On the ninemsn.com website they cut off the comments after 300 or so. By then there was not much new that could be said about Pauline Hanson’s opening Senate campaign salvo.

Along with the “good on you for saying what so many of us Australians think” were the predictable torrents of outrage that religious beliefs were being talked about in connection with immigration. Calling for a moratorium on migration by Muslims stirs strong feelings.

Her former adviser John Pasquarelli writing in Crikey yesterday was impressed by the fact that an MSN poll at 11.40am had 12,520 people supporting her with 4,629 against.

At first glance 17,200 seems like a lot of clicks but I notice that at the same time this morning 21,000 people had been moved to answer the question are we heading for another recession?

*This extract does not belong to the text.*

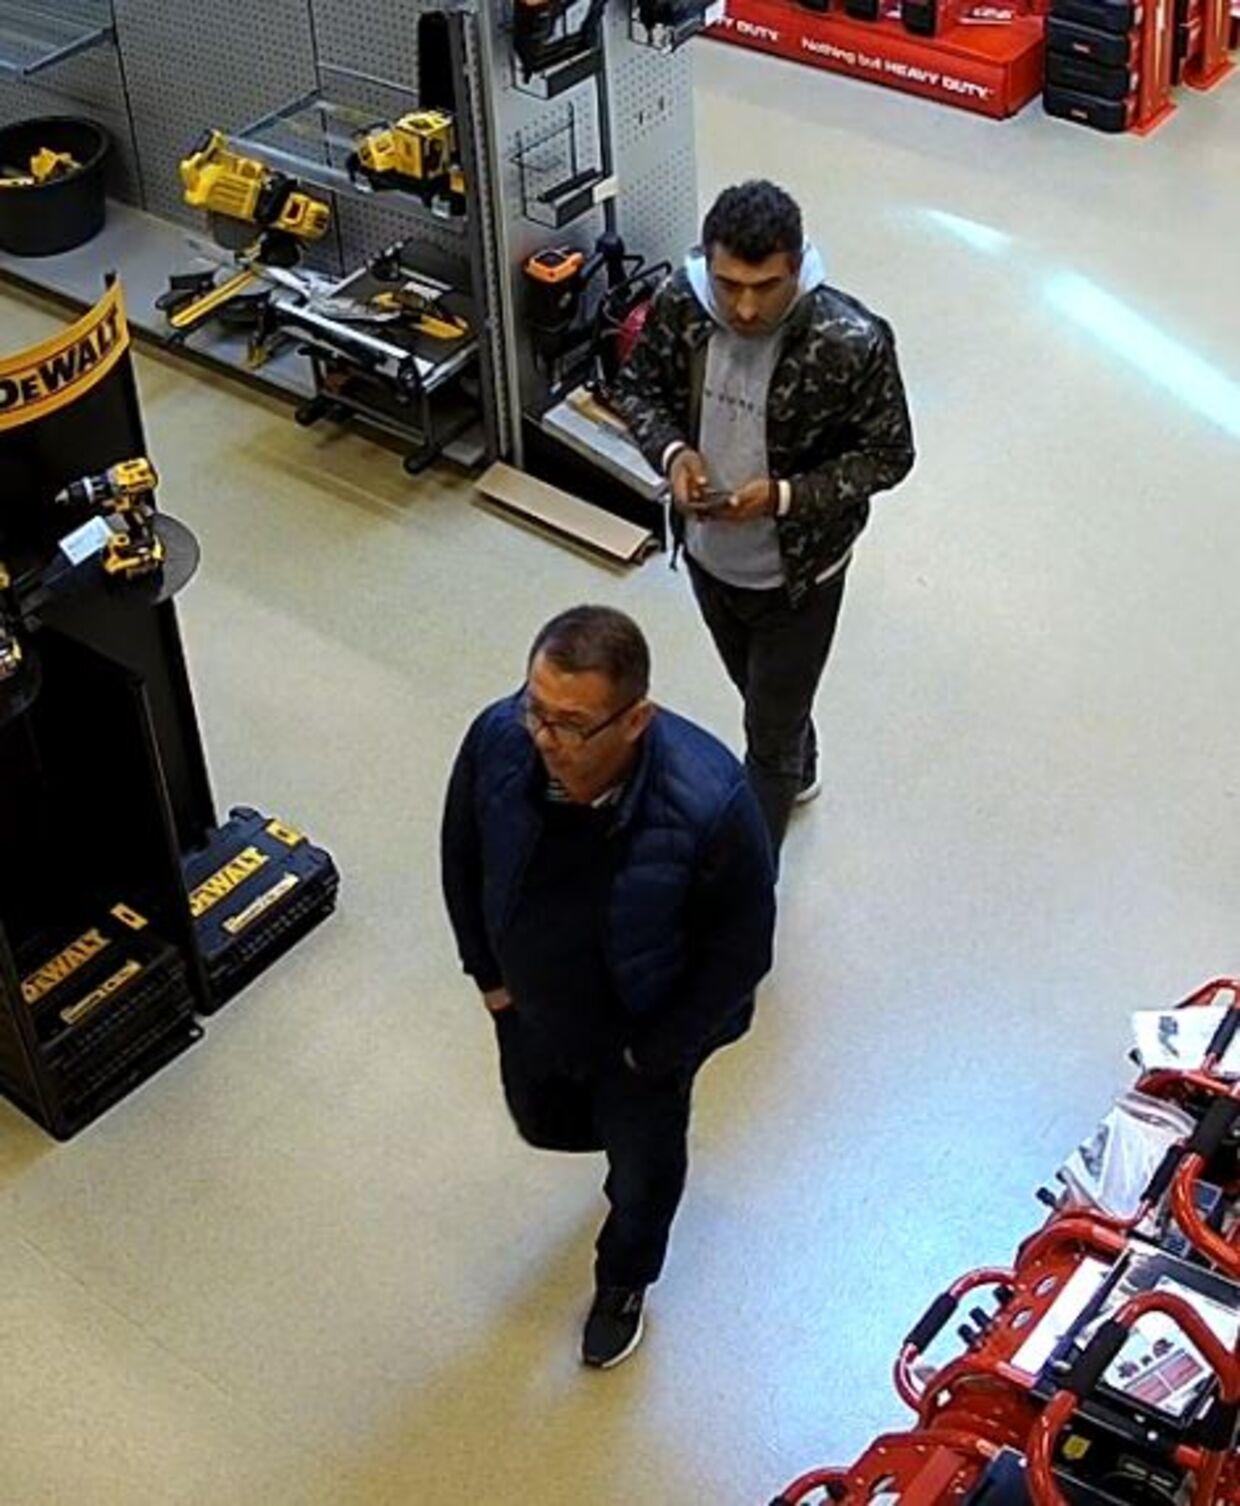 De to mænd, som politiet i Midt- og Vestjylland efterlyser i forbindelse med et tyveri i et byggemarked i Viborg.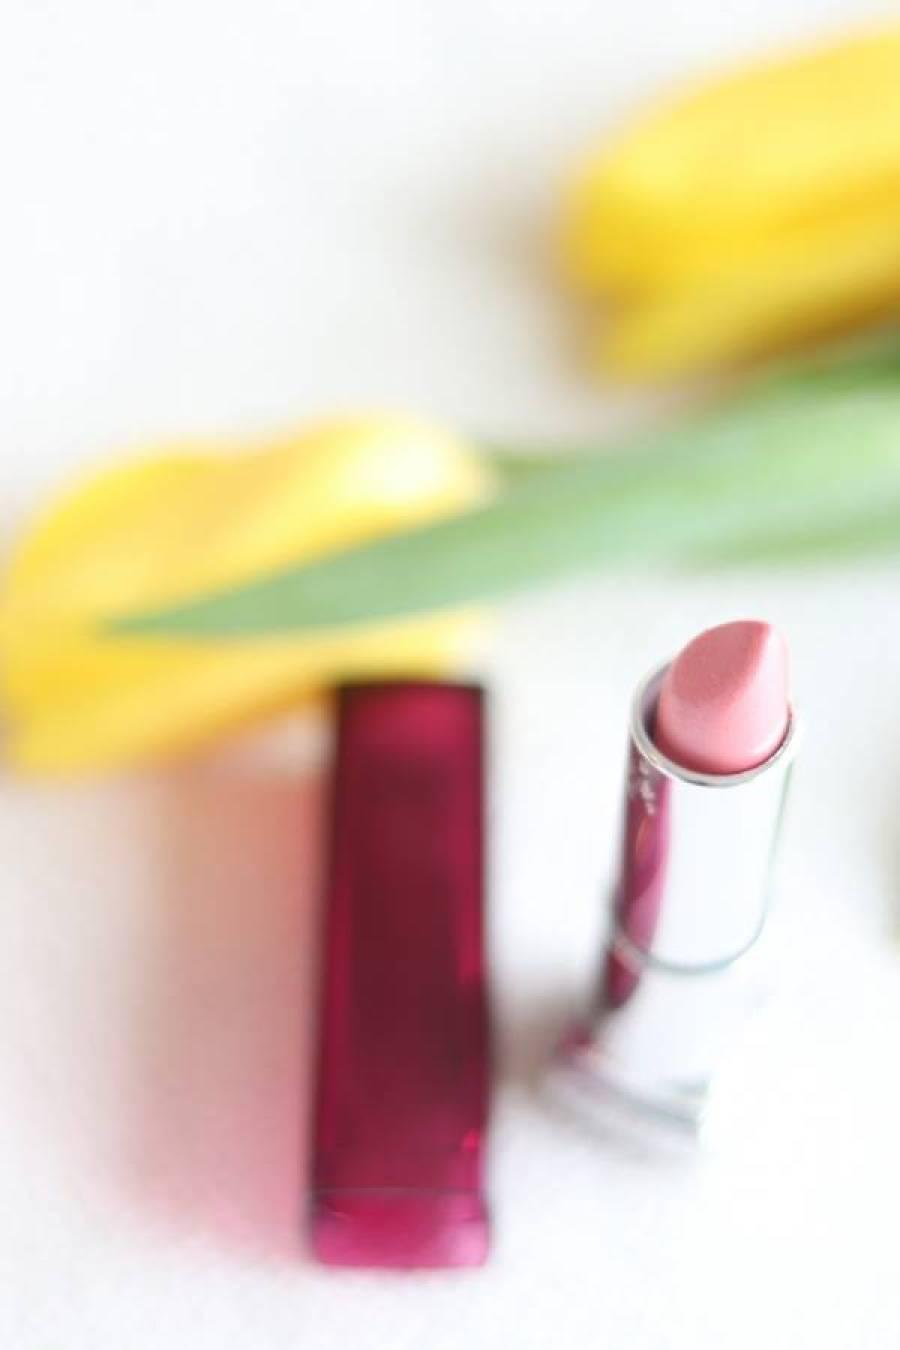 20190304113030 IMG 0562 - De 5 best verkochte beauty producten van 2018!

Perhaps the only interesting point of this very unscientific polling method was that by the time the votes got over the 50,000 mark they were running three to one in Ms Hanson’s favour.

She is being written off, of course, by all of us political pundits but there must be a nagging doubt that speaking the unspeakable will strike a chord with many Australians.

A little dash of xenophobia, mixed with a little religious bigotry, seems to appeal to 10 per cent or so of the population in many western democracies.

There is no reason to think that Queenslanders will prove any different to those attracted to the National Front in the north of England or to Le Pen in France.